A Tech IPO Boom Is Coming to Unicorn-Rich India
NEW DELHI—India is gearing up for tech IPOs, including two worth more than $1 billion, as startups look to tap a stock market that has proved resilient despite Covid-19.
The initial public offerings reflect the maturing of a generation of e-commerce and digital-economy companies, bankers say, many of which have grown rapidly during the pandemic as well-off city-dwellers turn to them when purchasing products from milk to medicines.
On July 16, the operator of the Paytm digital-finance app, One97 Communications Ltd., filed a prospectus for what would be India’s largest IPO in local-currency terms. The group offers services such as a mobile wallet, loans and stock-trading, and is backed by
Jack Ma’s
Chinese financial-technology giant Ant Group Co. One97 aims to issue new and existing shares worth a total of up to 166 billion rupees, the equivalent of $2.23 billion.
Other companies considering IPOs include digital-payments platform One MobiKwik Systems Ltd., which filed its prospectus earlier this month, and logistics and supply-chain-services provider Delhivery Pvt., according to a company spokeswoman. Online cosmetics seller Nykaa E-Retail Pvt., API Holdings Pvt., the parent company of online pharmacy PharmEasy, and PB Fintech Pvt., the parent of insurance aggregator Policybazaar.com, are also considering listings, according to people familiar with their plans.
“This is the first set of these companies coming to the public market” in India, said
Kaustubh Kulkarni,
the head of investment banking for India at the local unit of
JPMorgan Chase
& Co.
Demand for the shares is likely to be strong, given the companies’ brand recognition, said Mr. Kulkarni, who is also the bank’s co-head of investment banking for South and Southeast Asia. “Most of these companies are offering products, services or capabilities which millions, if not hundreds of millions, of customers are utilizing on a day-to-day basis,” he said.
Last week investors placed orders worth 38 times the shares being offered by Zomato Ltd., India’s answer to
DoorDash Inc.
The food-delivery group raised around 94 billion rupees, the equivalent of $1.26 billion, and its shares are due to start trading on July 27.
Some market-watchers say Indian tech has plenty of room to grow, as more consumption shifts online. Earlier-stage investors have poured about $16 billion into Indian startups this year, creating 16 new unicorns—young private companies valued at $1 billion or more—according to data firm Venture Intelligence.
India’s unicorn population will rise to 150 by 2025 from 60 now, predicted
Gaurav Singhal,
the head of India consumer technology at
Bank of America Corp.
’s investment-banking arm. Many will eventually look to float, he said, translating into a big increase in market capitalization.
“India will see $300 billion to $400 billion of market-cap creation in the internet ecosystem in the next five years,” said Mr. Singhal.
The deals already under way show how India’s financial sector has been swept up in an international boom, even as the country records more than 30,000 new Covid-19 cases a day, among the highest daily counts in the world.
Already this year, India has hosted a rush of IPOs—joining a global surge fueled in part by tech companies from elsewhere in Asia, such as China’s
Kuaishou Technology
and South Korea’s
Coupang Inc.
India’s 22 IPOs in the first six months of 2021 brought in $3.7 billion, a record half-year haul, according to Prime Database Group, a research firm in New Delhi.

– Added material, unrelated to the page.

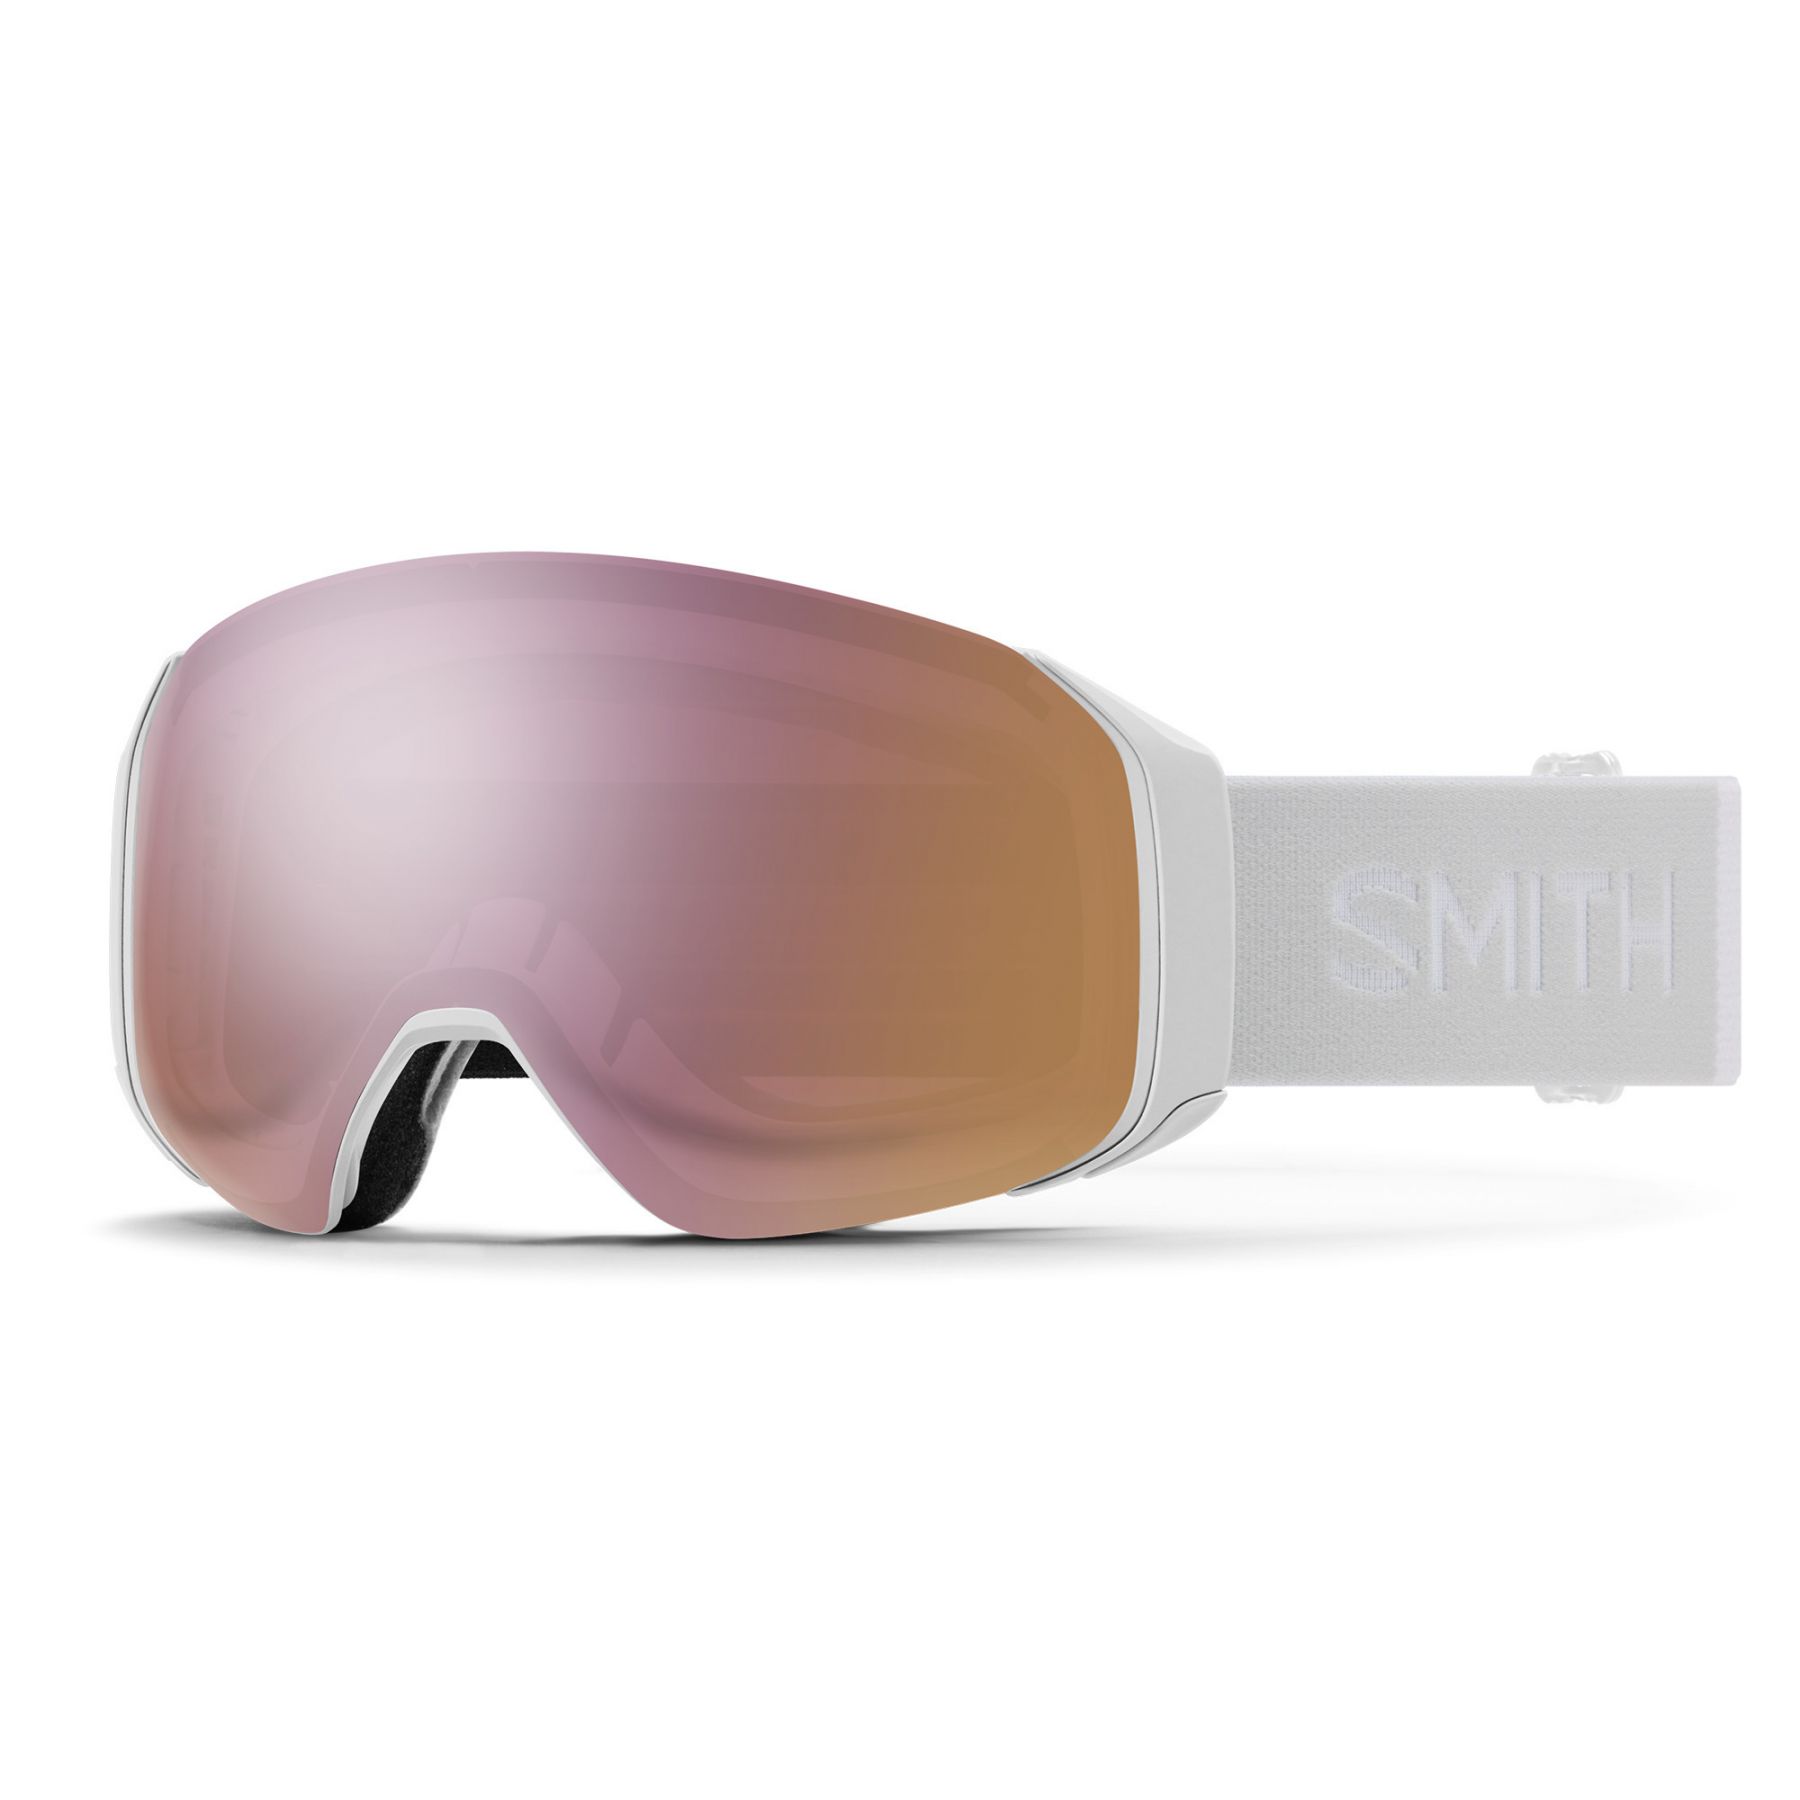 Billede af Smith 4D MAG S, skibrille, hvid hos Skisport.dk

Shares in some recently listed companies are trading at twice their IPO price.
At the same time, Indian stock indexes have soared as investors bet on big listed companies. The S&P BSE Sensex has hit a series of record highs, most recently on July 15, and international investors have poured about $7.7 billion into Indian shares this year, official data shows.
Millions of individual Indian investors are trading stocks for the first time, again mirroring trends seen in the U.S. and some other markets.
Harpreet Singh,
a 23-year-old from the northern city of Pathankot, started dabbling in the market last year while waiting for the chance to study abroad.
Relying on advice from videos on YouTube and Telegram, Mr. Singh said, he has lost money at times—but still finds trading stocks more appealing than getting a job in his hometown, where he said private-sector work pays barely 10,000 rupees a month, equivalent to about $134.
“If you have knowledge of stocks,” he said, “then in three to four months you can earn hundreds of thousands of rupees, sitting at home.”